While using Vagrant with a local VirtualBox instance on my laptop worked, the image build process was taking so long that I would frequently leave my laptop and it would go to sleep and mess up the Ansible process. To fix this, I experimented with Vagrant using a remote libvirt+ssh instance on one of my local servers which worked but was still cumbersome to set up and manage over time.
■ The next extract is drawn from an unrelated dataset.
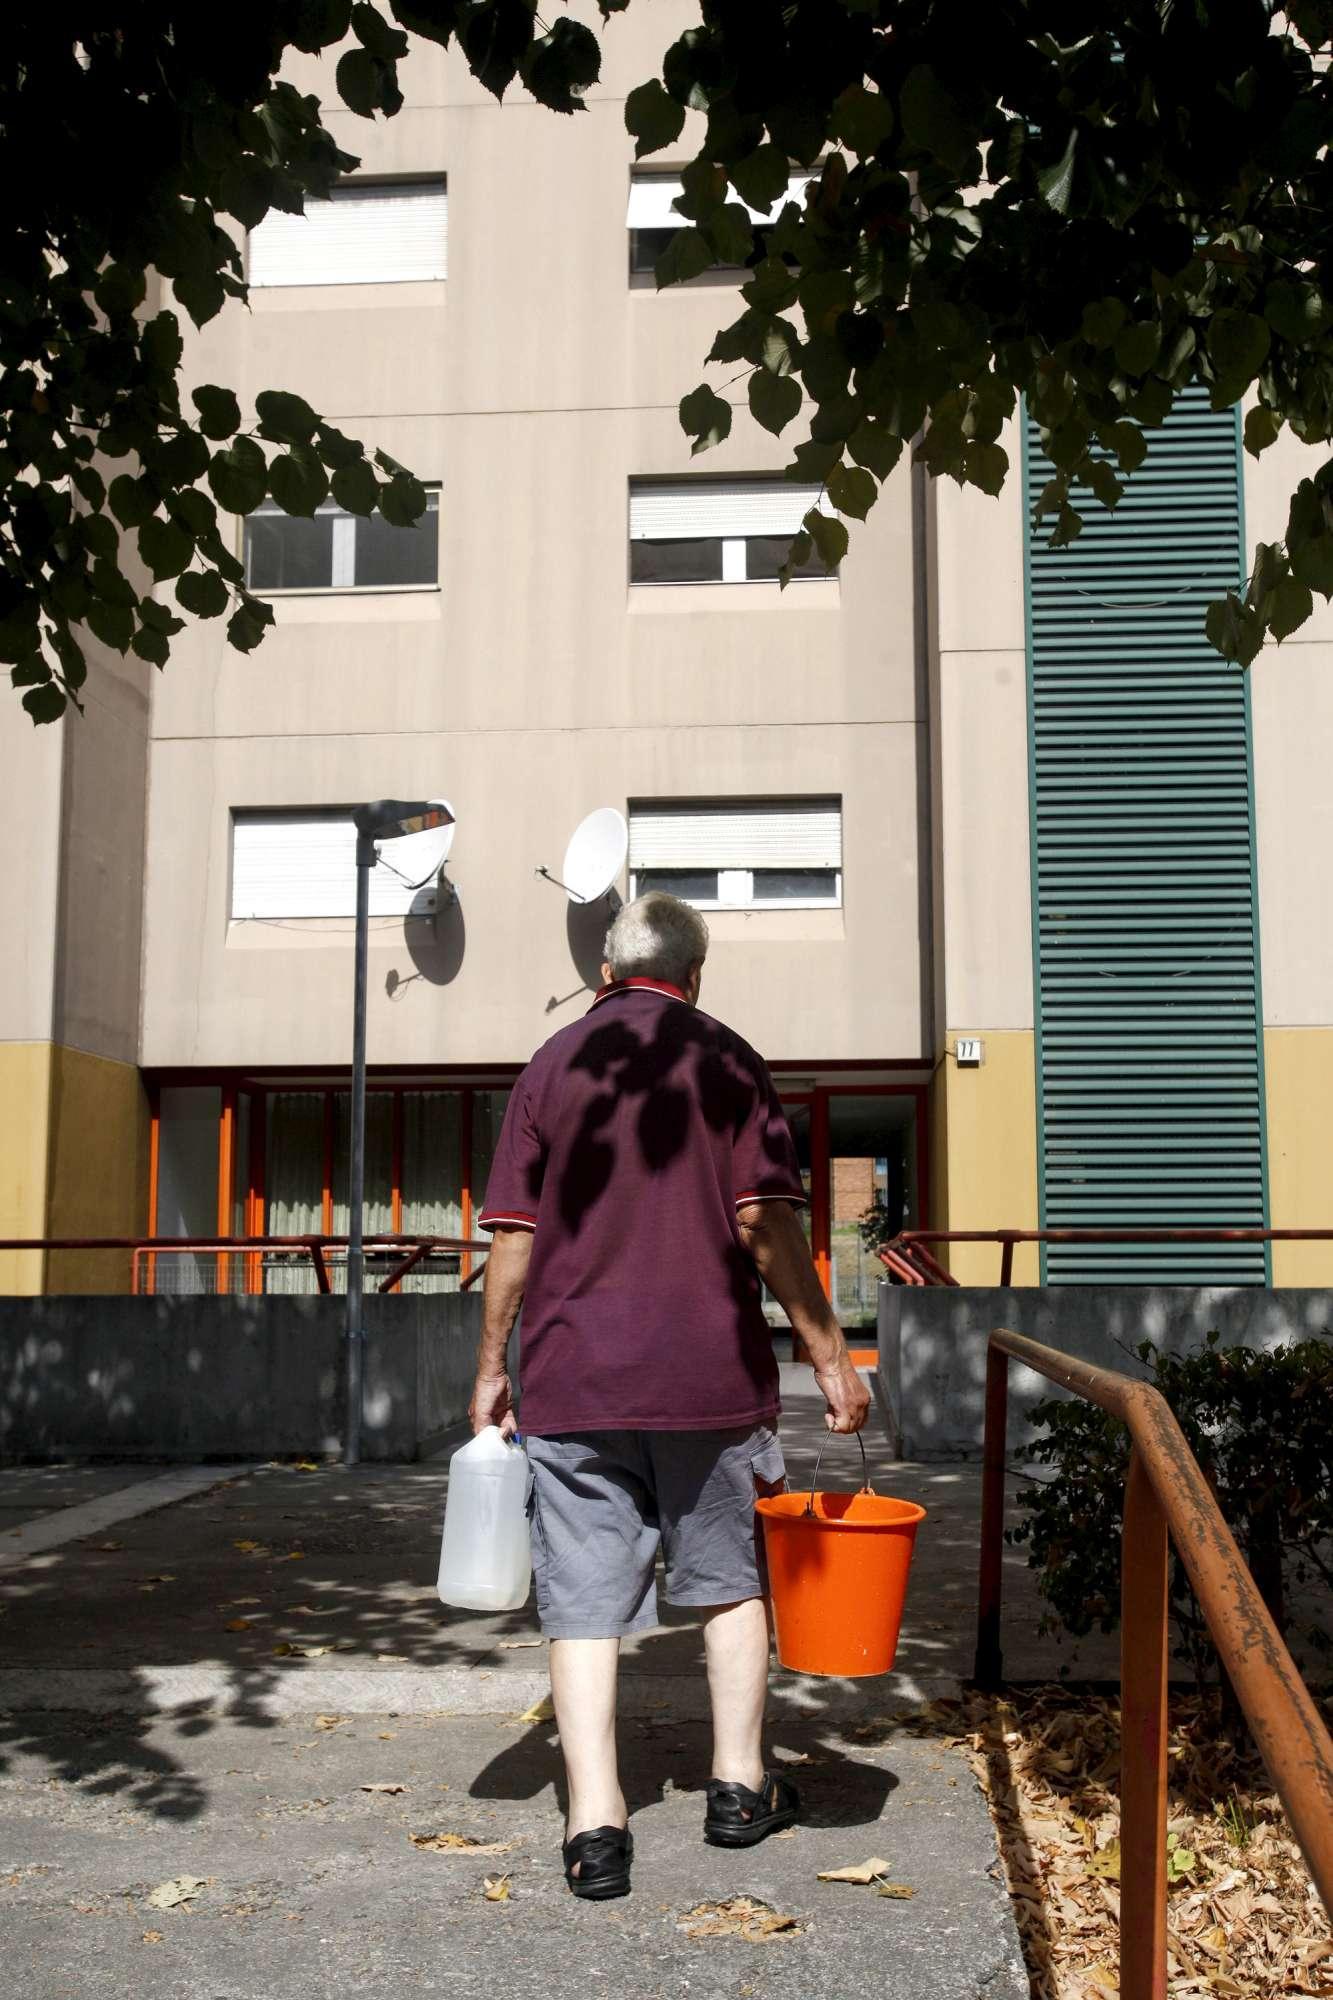 Tracce di legionella in case popolari a Milano, sospesa acqua
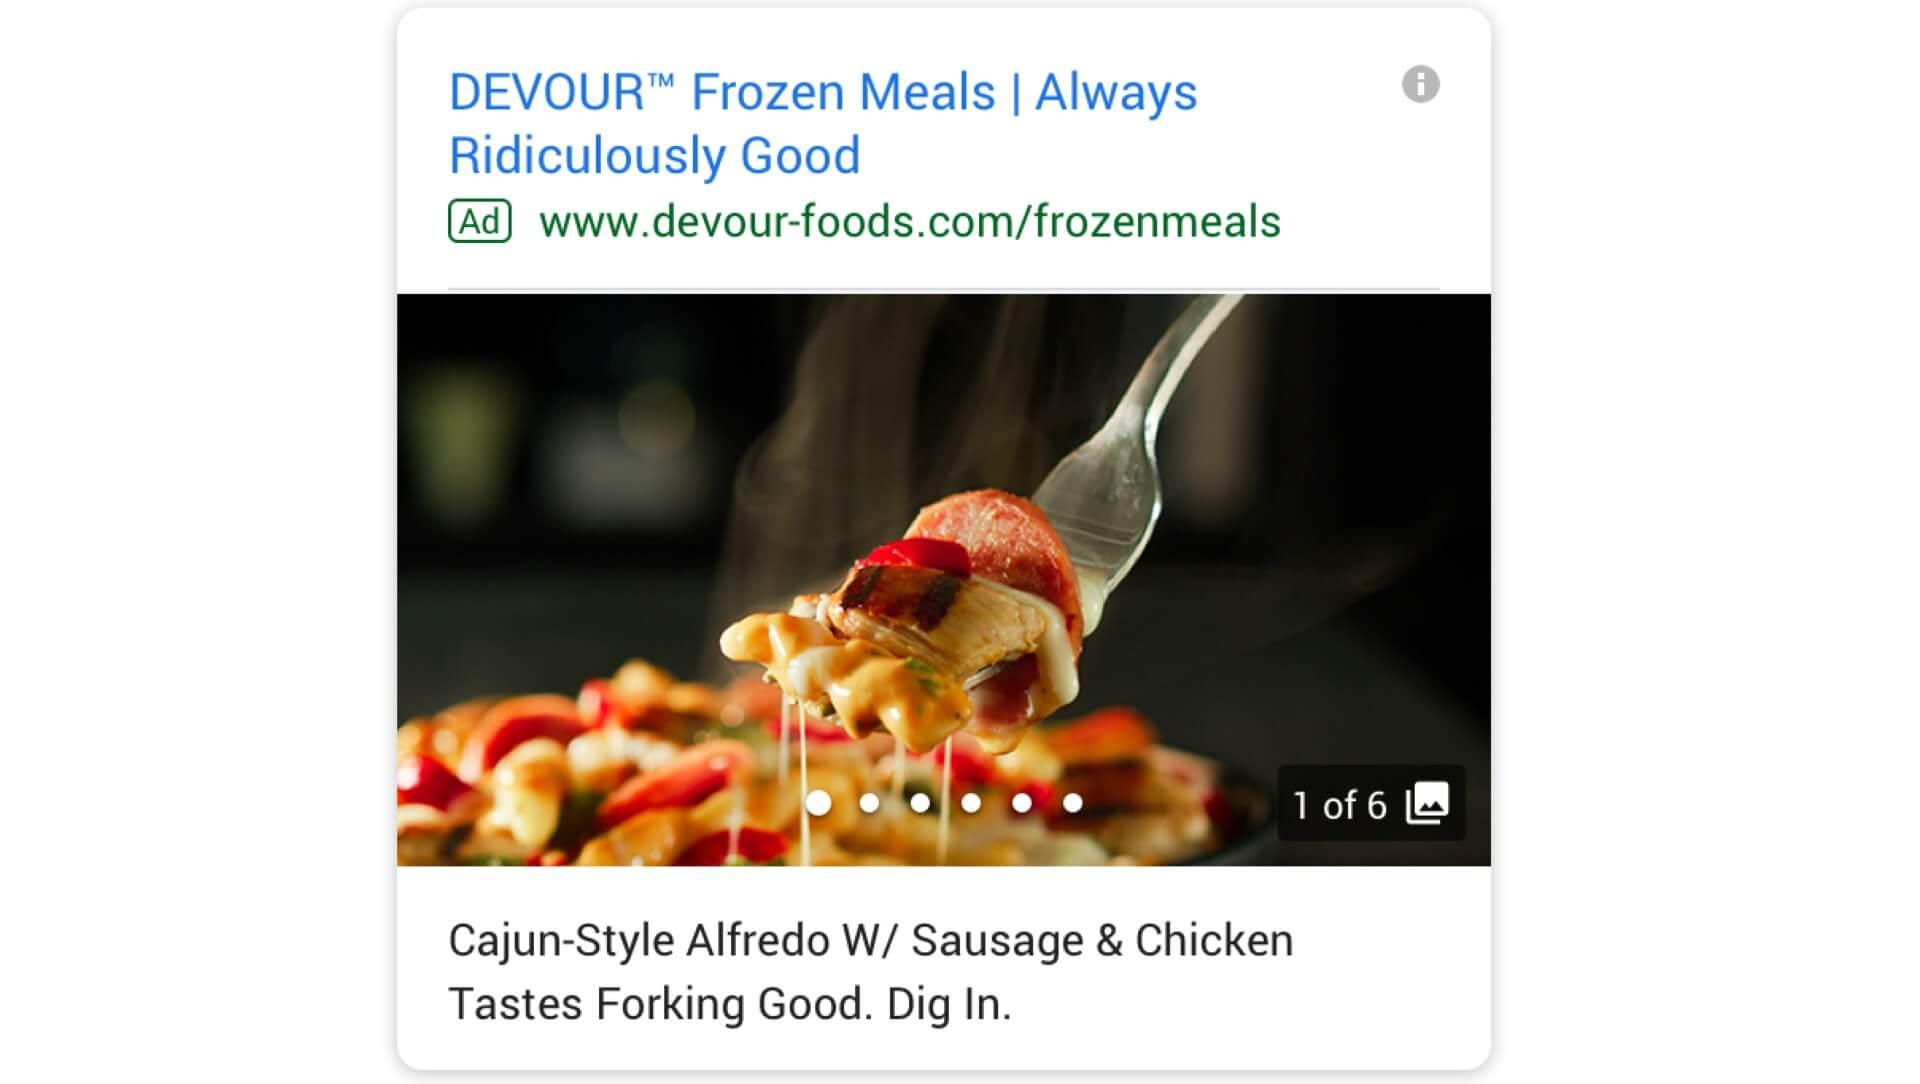 Llegan los anuncios de la galería gigante de Google para la búsqueda: qué son y cómo pagará por ellos

In looking to further refine this process I started to experiment with Vagrant + Google Compute Engine plugin since I use GCE for hosting other aspects of the SCUSA infrastructure. I ran across Google Cloud Build and looked into if it would serve my needs better.
Requirements:
- Be able to run
livemedia-creator
which requires mount privileges (SYS_ADMIN capabilities) - Clean build environment
- “Fire and forget” functionality where I can kick off a build and walk away
- Composable build process to split the layers of configuration and compose them into the final product
Basic steps of the image build process:
- Use
livemedia-creator
which runsanaconda
to build a image and outputs a tarball - Extract tarball to temporary directory and create a SquashFS filesystem
- Create a raw disk image with partitions and configure grub to boot
- Add kernel, initrd, SquashFS to disk image
Downstream the disk image can be directly written to a USB drive for booting during contest
Cloud Build Configuration
Set up with a simple Cloud Build configuration to build my builder image:
steps:
- name: 'gcr.io/cloud-builders/docker'
args: ['build',
'-t', 'gcr.io/$PROJECT_ID/scusa-image-builder:latest',
'.']
images:
- 'gcr.io/$PROJECT_ID/scusa-image-builder:latest'
Second Cloud Build configuration that runs that builder image to build my image:
steps:
- name: 'gcr.io/cloud-builders/docker'
args:
- run
- --privileged
- --tty
- --name
- build
- --volume
- /workspace:/workspace
- gcr.io/$PROJECT_ID/scusa-image-builder:latest
- /workspace/centos8.ks
timeout: 3600s
artifacts:
objects:
location: 'gs://[STORAGE_LOCATION]/'
paths: ['output/disk.tar.gz']
I have to run docker with --privileged
because throughout the build process we are mounting
filesystems
First Issue: Immediate Exit from Missing DBUS
This was an issue in just porting the workflow to containers and was an issue in my initial testing on my local docker instance.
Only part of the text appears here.